DATA IN THIS EXERCISE:
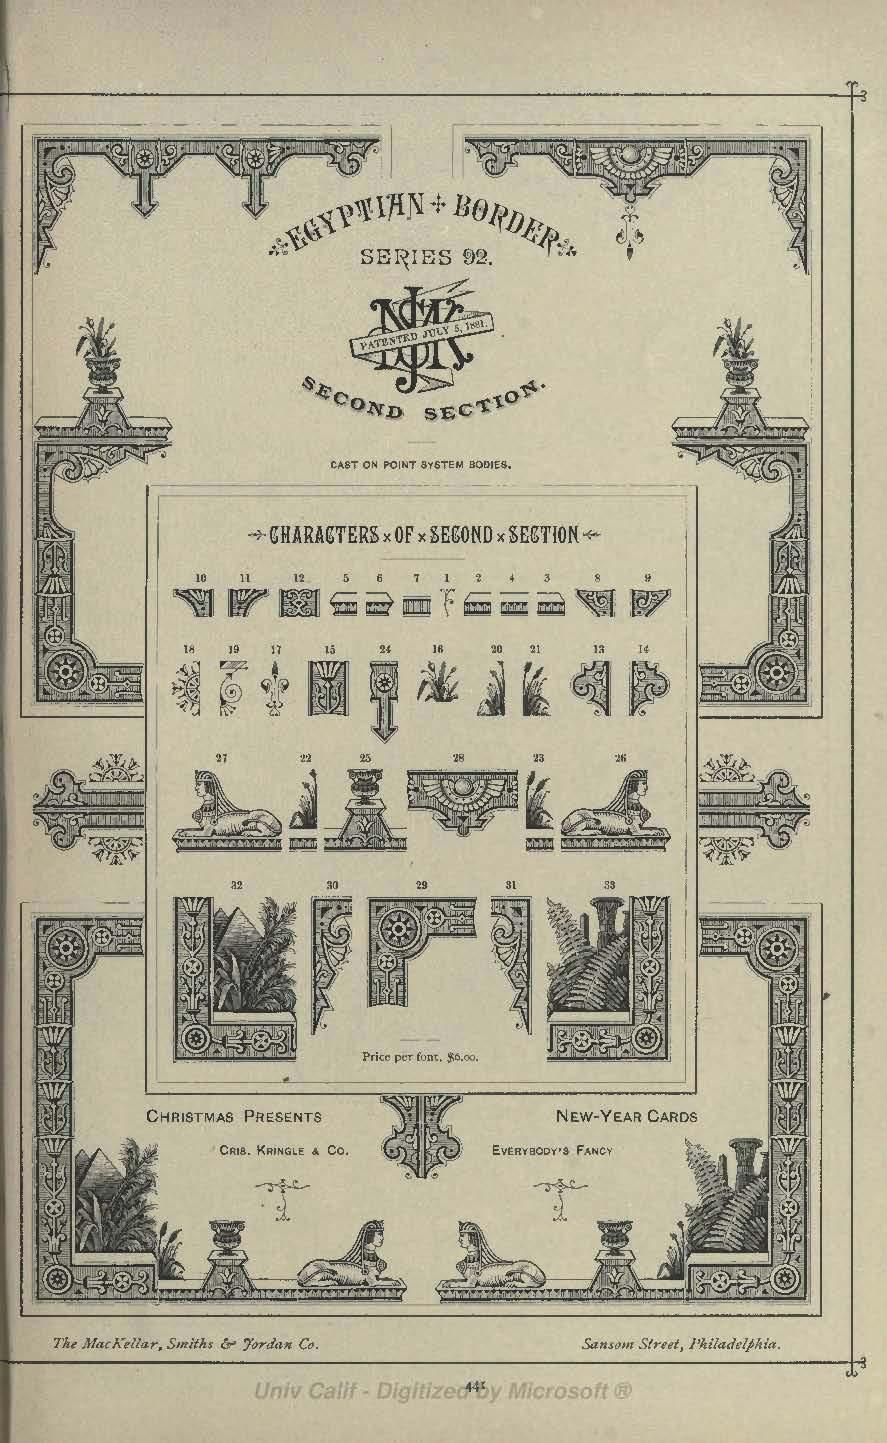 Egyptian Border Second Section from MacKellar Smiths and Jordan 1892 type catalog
* * *
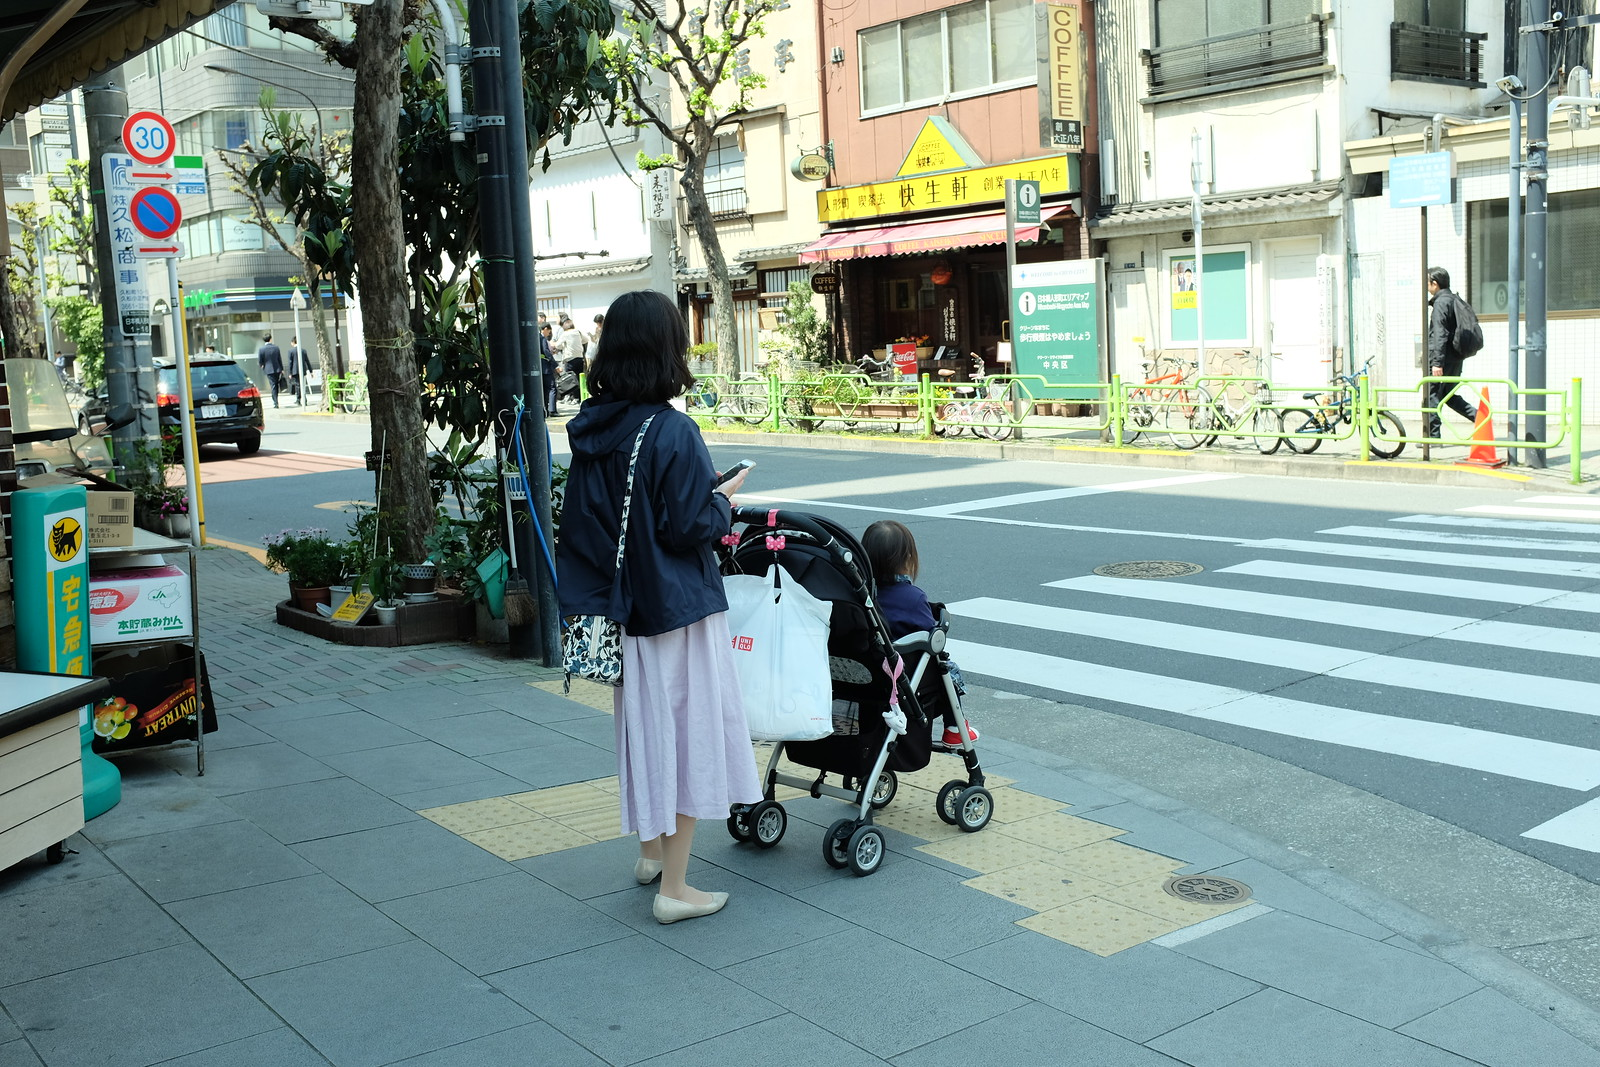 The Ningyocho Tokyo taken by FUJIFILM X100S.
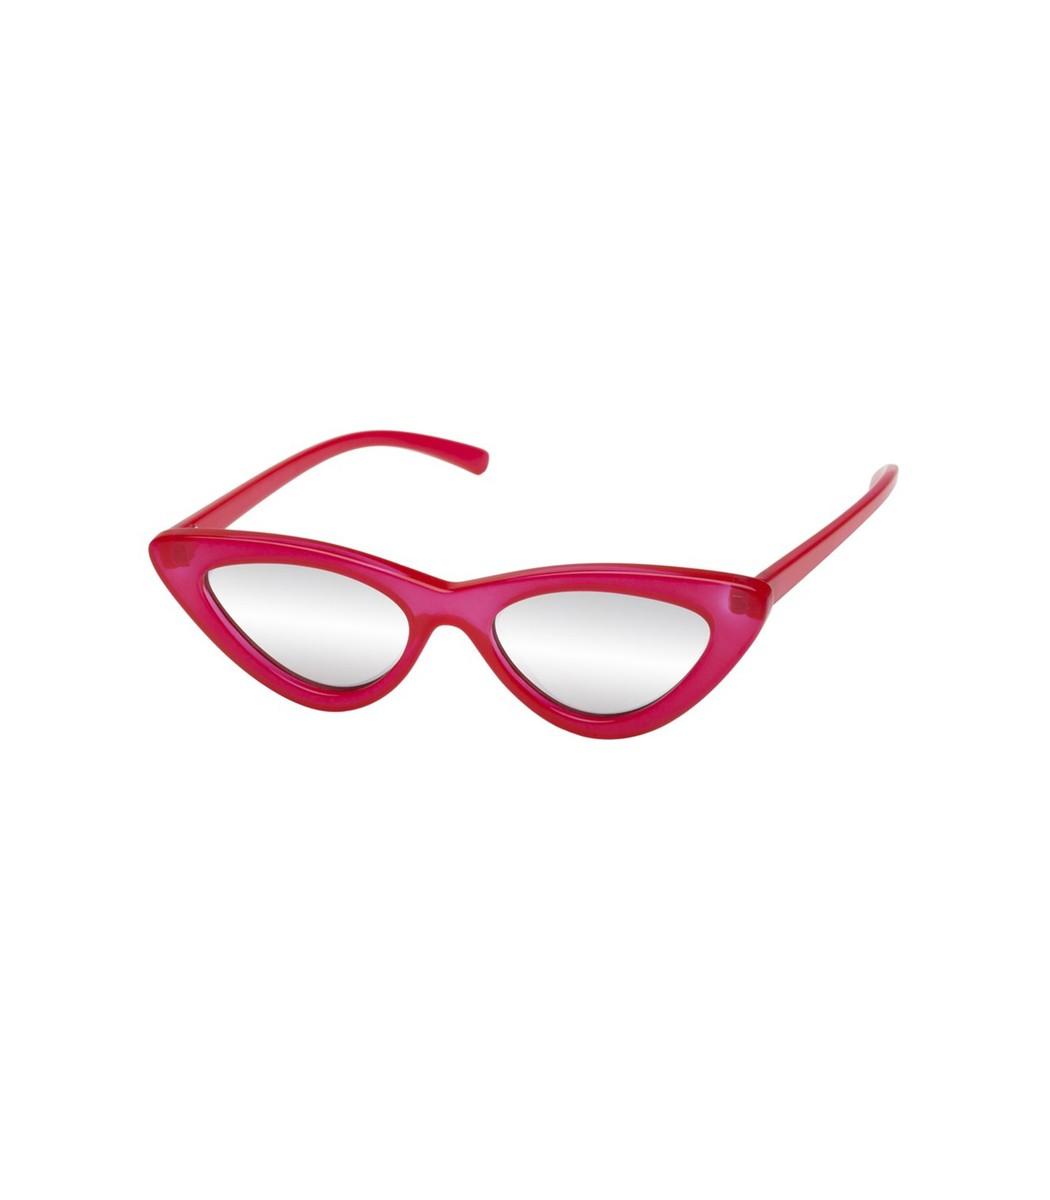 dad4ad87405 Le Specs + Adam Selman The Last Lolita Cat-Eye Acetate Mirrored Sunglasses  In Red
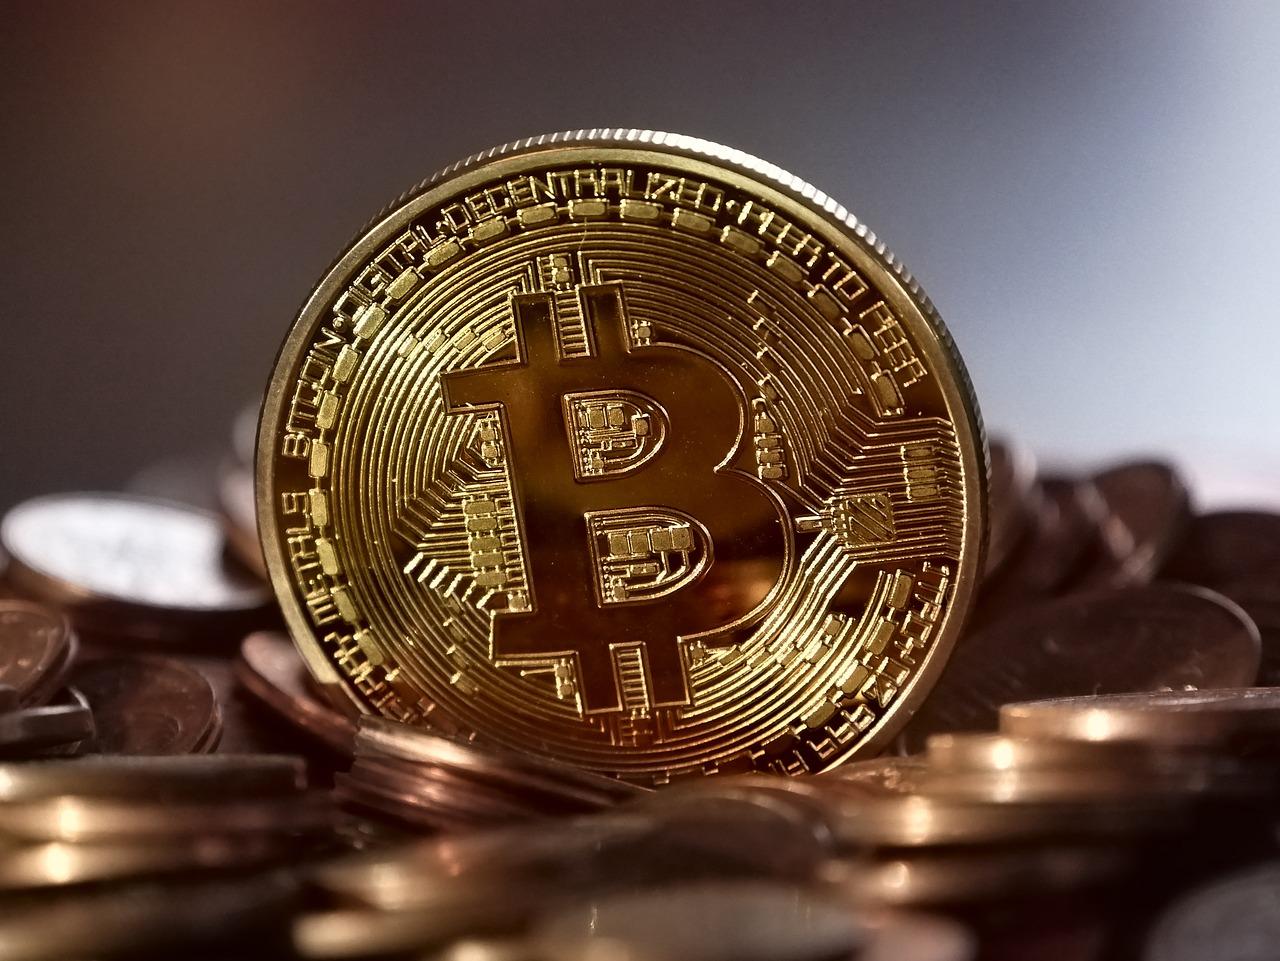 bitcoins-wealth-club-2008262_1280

TASK DESCRIPTION: Take the entries above and copy exactly the lines starting at the one with "dad4ad87405 Le Specs" and ending at the one with "bitcoins-wealth-club-2008262_1280"; nothing outside that span, and no pictures.

SOLUTION FOR THIS PROBLEM:
 dad4ad87405 Le Specs + Adam Selman The Last Lolita Cat-Eye Acetate Mirrored Sunglasses  In Red
 bitcoins-wealth-club-2008262_1280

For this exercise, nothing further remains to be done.